Sheikh Hamad bin Jassim Al-Thani, the Qatari prime minister, announced the new deadline for Syria to avoid sanctions after a meeting in Doha to discuss the measures decided against Damascus over its crackdown on eight months of protests.
"During the meeting we contacted Damascus... and we asked them to come tomorrow (to Doha) to sign" the protocol on sending observers to Damascus, said Jassim al Thani.
"We are waiting for a reply," he said. "As Arabs we fear that if the situation continues things will get out of Arab control."
The Arab League has also approved of cutting flights to Syria by 50 per cent.

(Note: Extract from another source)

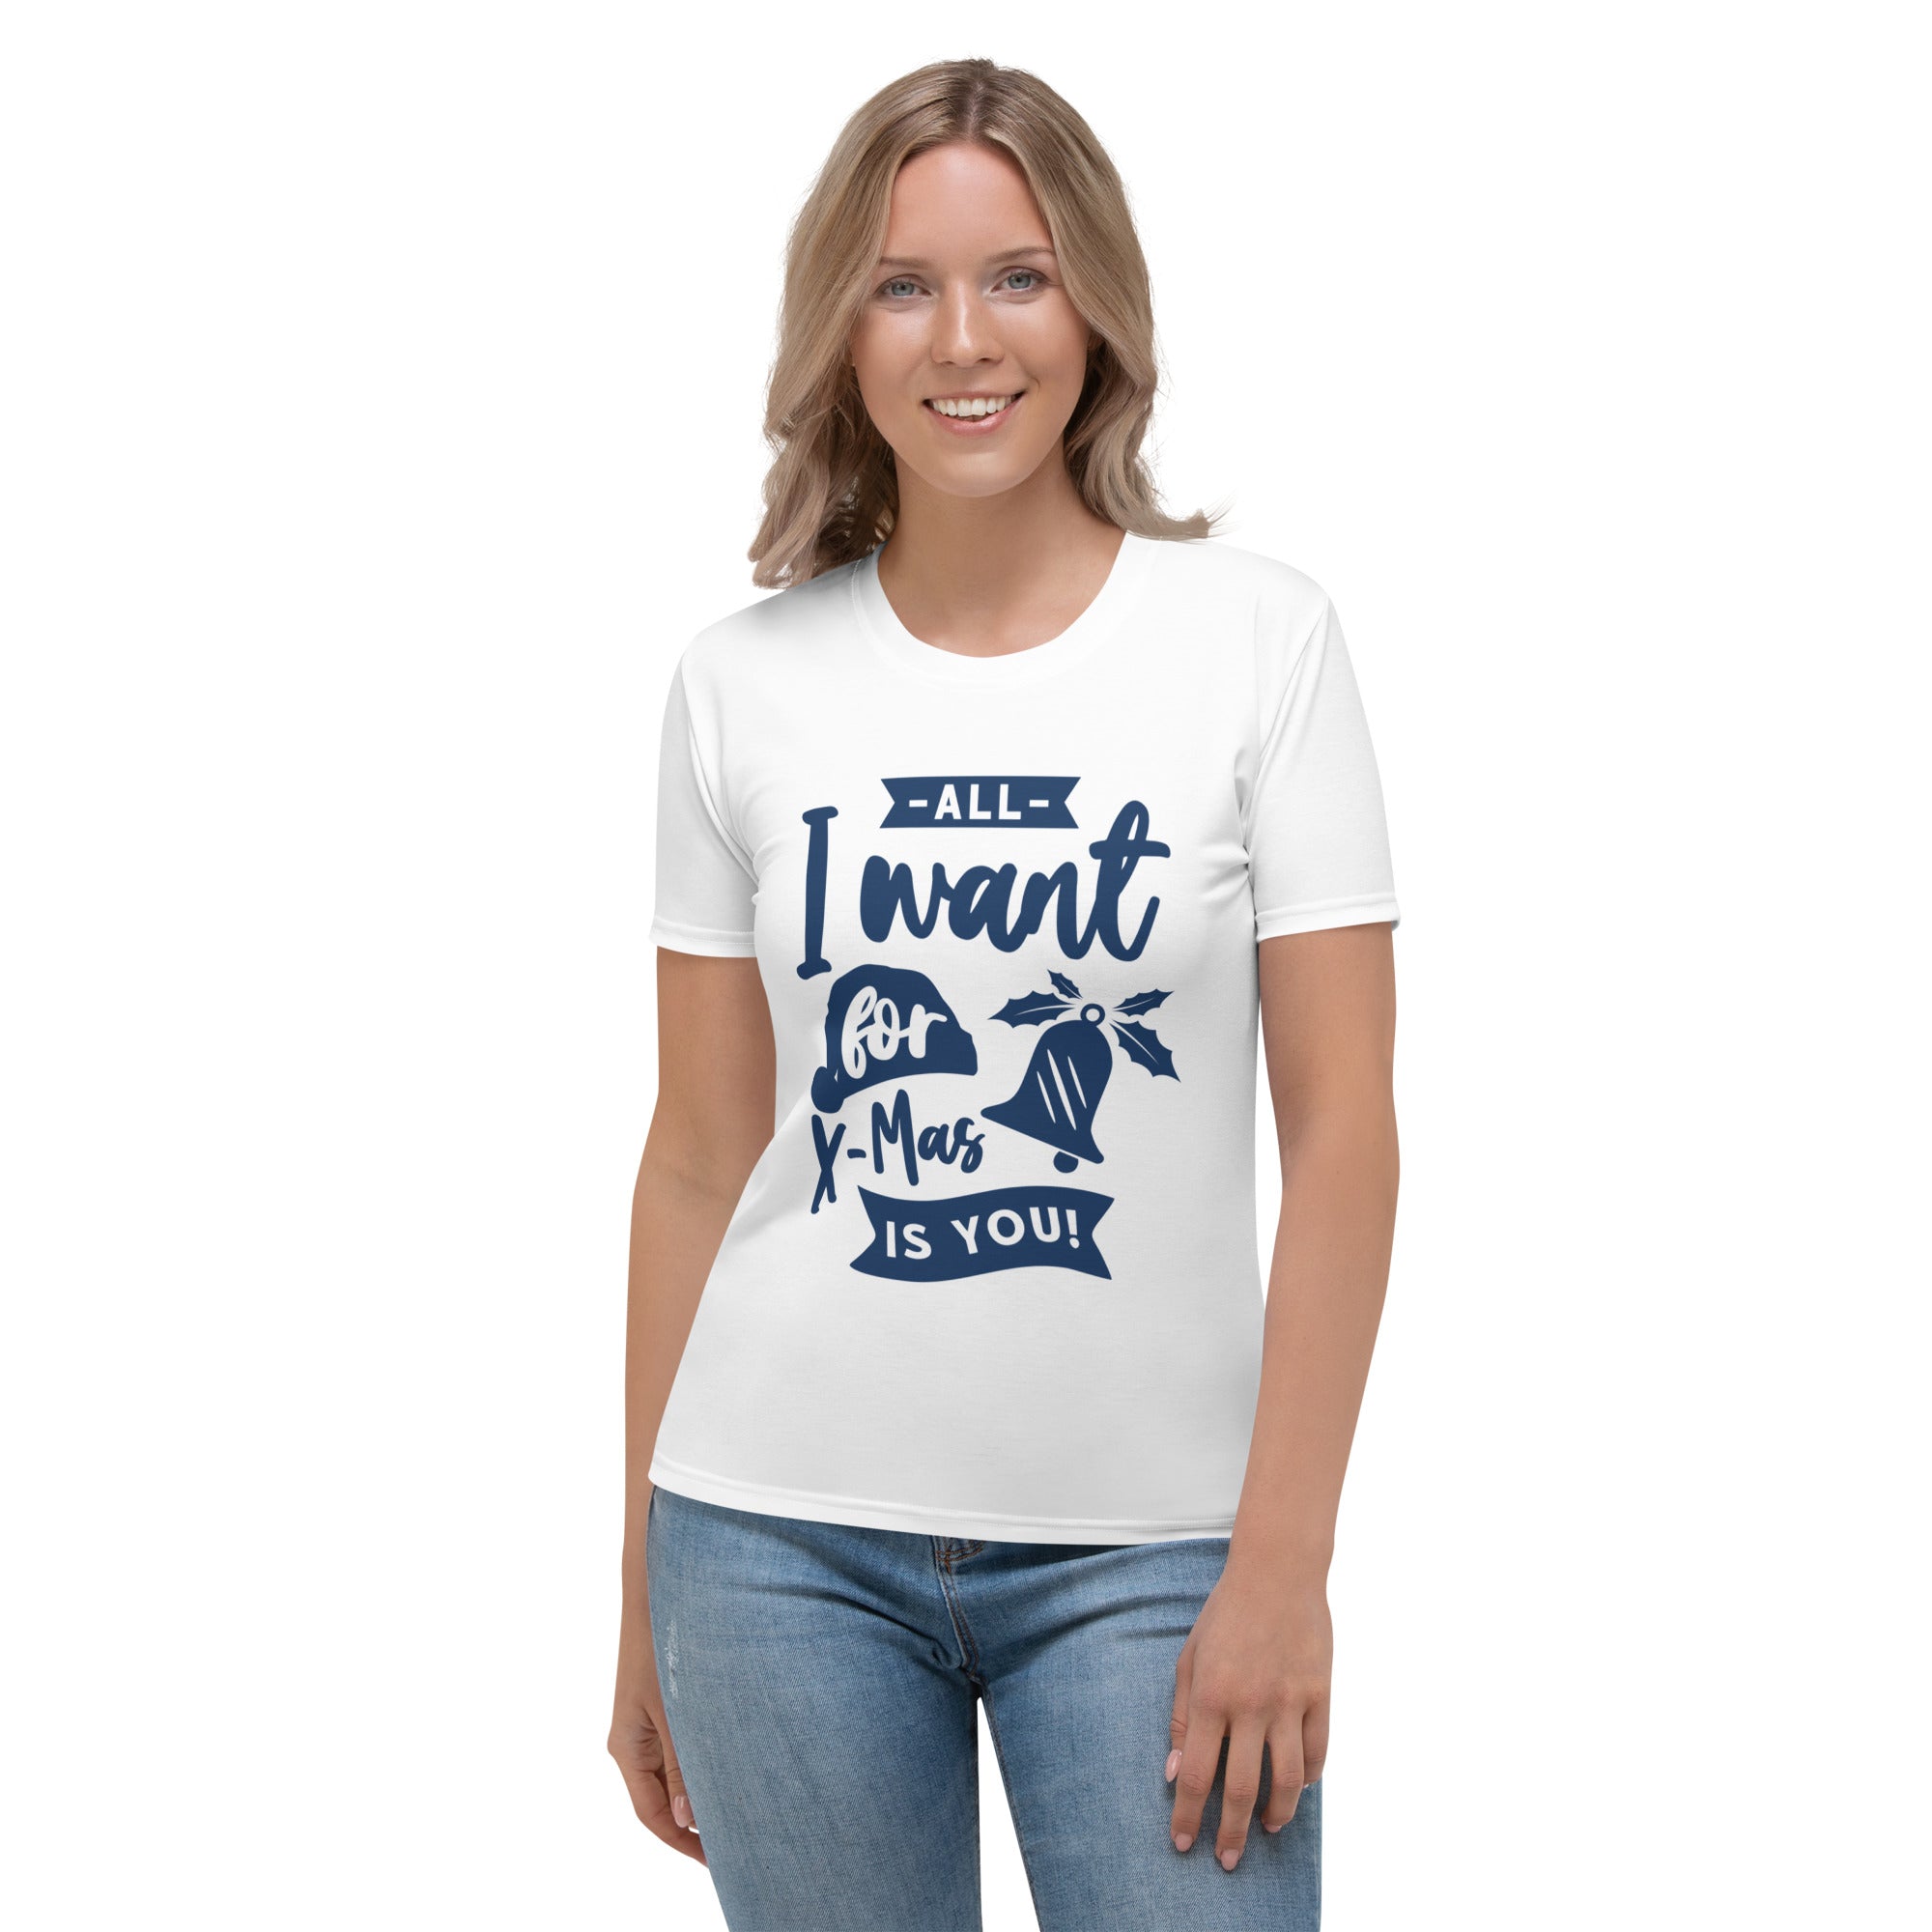 All I Want for Christmas is True Love - Women's T-shirt

The Arab League last Sunday approved sweeping sanctions against President Bashar al-Assad's government over the crackdown, the first time that the bloc has enforced such measures against one of its own members.
The vote on sanctions came after Damascus defied an earlier ultimatum to accept observers under an Arab League peace plan and put an end to the eight-month crackdown.
Syria's Foreign Minister Walid Muallem said last month that the wording of the text to send observers undermined the country's sovereignty because it "totally ignores the Syrian state, even coordination with the Syrian state."
Ongoing violence
Syrian state agency on Sunday reported that a funeral procession was held for 13 soldiers who were killed by "terrorists".
"The martyrs were targaeted by the armed terrorist groups while they were in the line of duty in Damascus countryside," SANA news agency said.
Meanwhile, the Syrian Revolution General Commission, an activist group, reported that 39 people had been killed over the past two days. It added that November was the bloodiest month since the uprising started in March, with at least 734 civilians killed.
Al Jazeera's Nisreen El-Shamayleh, reporting from neighbouring Jordan, said activists told her that troops raided the town of Tal Shihab in the southern province of Daraa on Sunday morning. They said heavy gunfire was heard and that mass and random arrests had taken place.
In Homs' Al Wa'ar neighbourhood, El-Shamayleh said activists had reported that "two cars carrying troops and Assad loyalists opened fire indiscriminately [on Sunday after midnight] and killed four members of the Teebeh family. They were in the street when they came under fire."